Lilwall eventually found an easier path across the dunes and made it safely across, letting himself take more breaks along the way.  

Companies can learn from Lilwall’s example by putting their employees’ wellbeing front and center. In fact, this is already an ongoing trend across APAC. Employers who incorporate flexibility as part of their culture promote happier and better performing employees.  

Tasks are less overwhelming when focusing on the next right thing. 

Measuring progression is an essential part of running a company. It is often a metric associated with reaching targets and objectives, which also inform whether a company is succeeding or failing. However, there can be times when progression cannot be readily measured, when goals seem out of reach, when every effort seems pointless.  

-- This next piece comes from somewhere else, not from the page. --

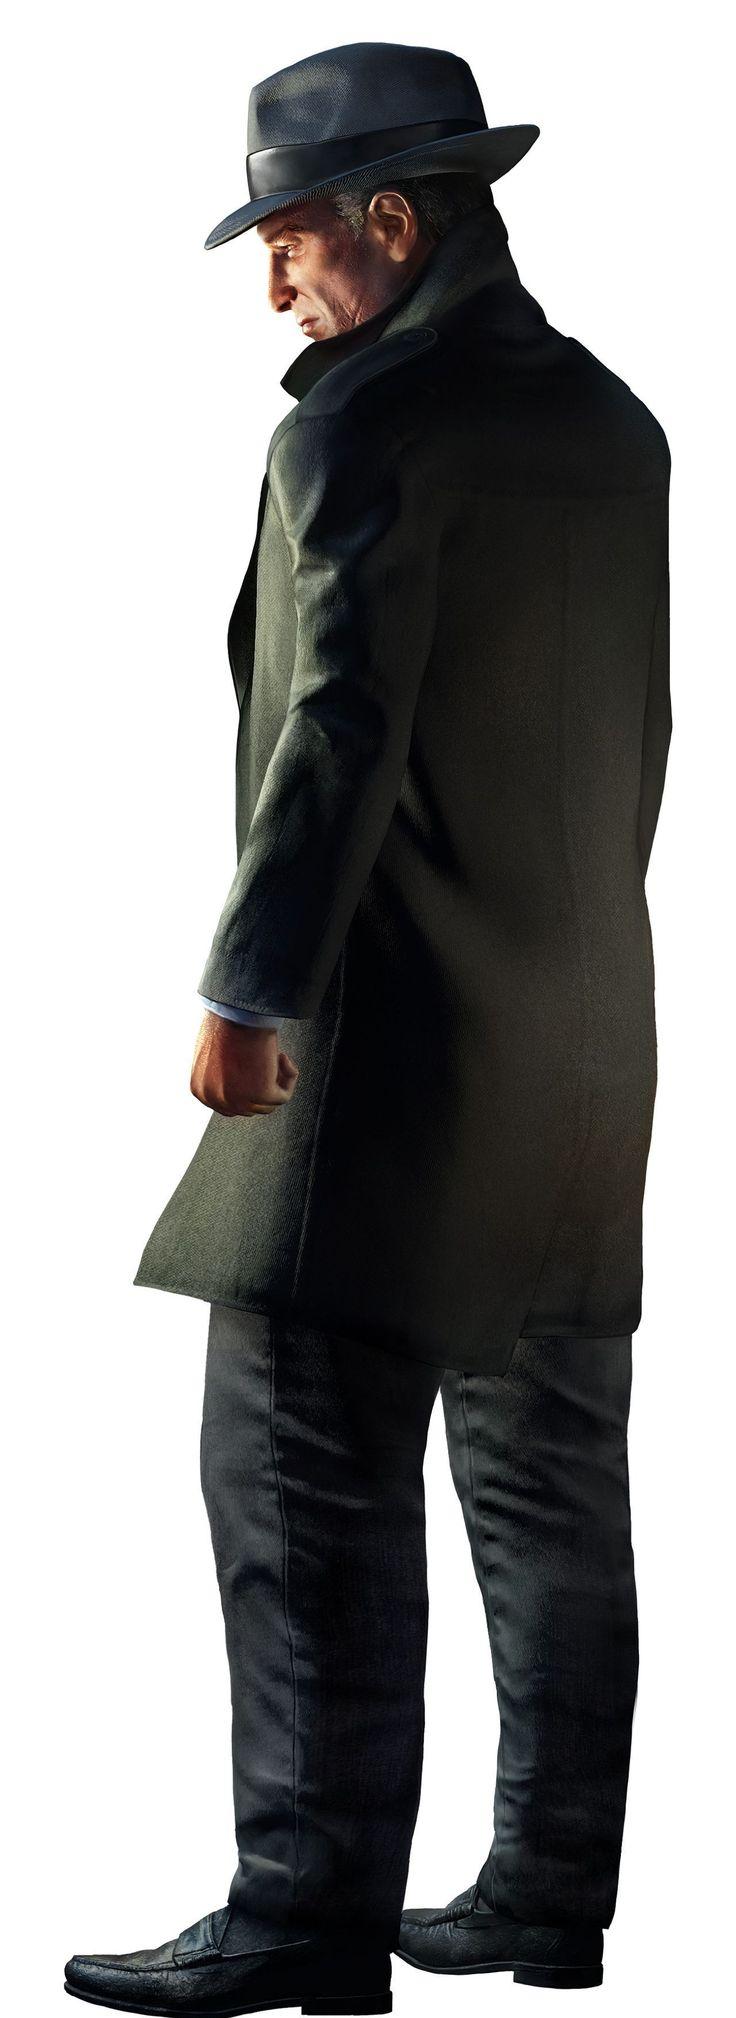 En gangster - Vito Scaletta.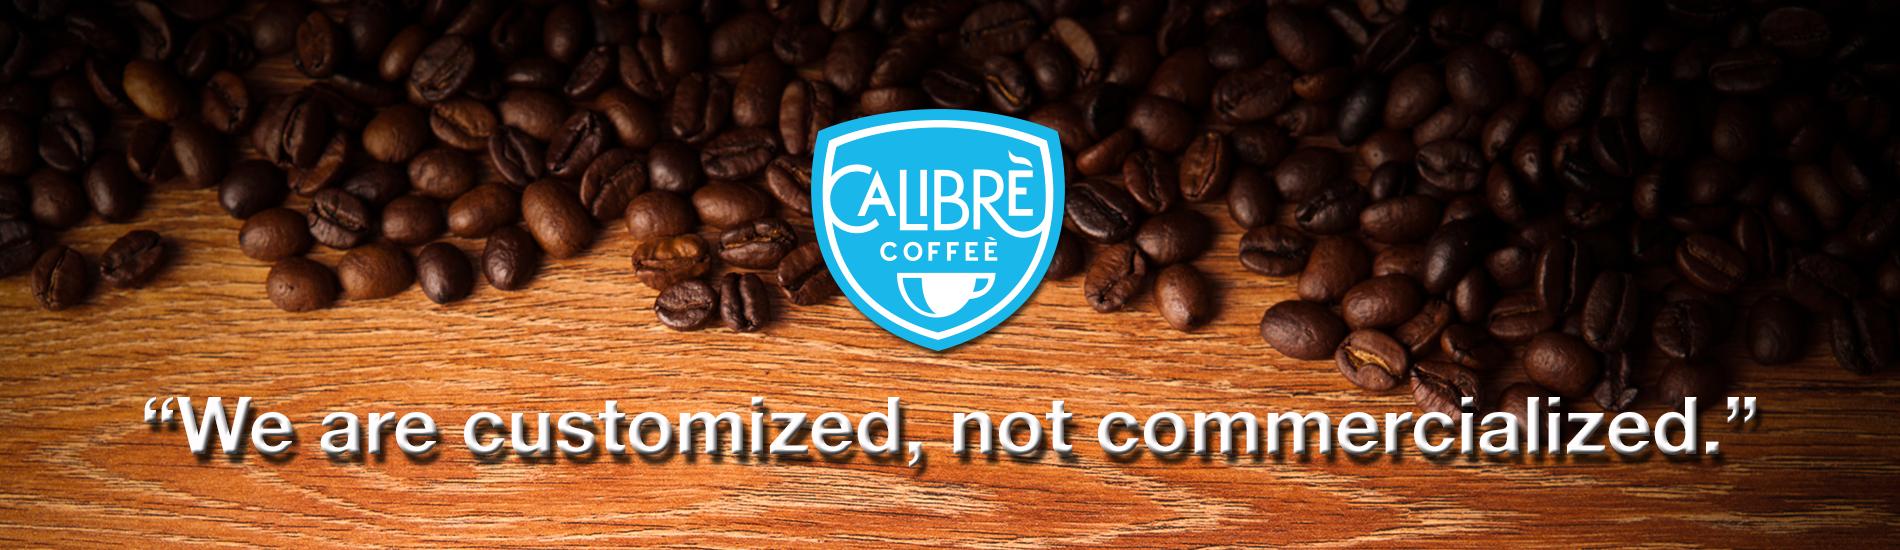 Calibre-coffee-customized

Amid the vastness of the Taklamakan, Lilwall encountered this same overwhelming feeling. Despite his weeks of travel, he realized that he still had what seemed like an eternity to trek. “I just felt … I’m never going to make it. I was moving too slowly. I felt overwhelmed.” Lilwall described his resignation as a response to the scale of the task in front of him.  

Since he was not able to fully shake off the feeling, Lilwall instead just kept focusing on taking the next ten steps. “It’s great to set ourselves huge goals, but we can’t control everything.” 

It can be easy to fall into the trap of negativity when faced with an enormous task or a difficult target, especially if progress is not readily apparent. Breaking down these massive tasks into smaller, more accessible ones and celebrating micro achievements can open a way forward.  

Companies that recognize small wins can improve employee morale and overall productivity.  

Crossing the desert requires a resilient mind. 

Despite all the planning, the hard work, and the positivity, failures can happen. It is during these times that resilience is tested the most.  

Lilwall almost gave up on his journey after encountering what felt like an unsolvable problem. He said, however, that one should “never quit on a bad day.” He explained that when emotions are low, people are not likely to make good decisions. Instead, he rested and the next day, he decided to push on.  

Risks are as much a part of business as its rewards. Companies will inevitably encounter several seemingly impossible challenges before they see any measure of success. And when all else fails, a resilient mindset can be one’s last line of defense and one’s best refuge. Sometimes, that is everything.  

When Lilwall finally crossed the desert, he rightly exclaimed his relief, joy, and achievement.  

According to Lilwall, “It’s not about the destination and it’s not about the journey. It is about the person you become on the way.”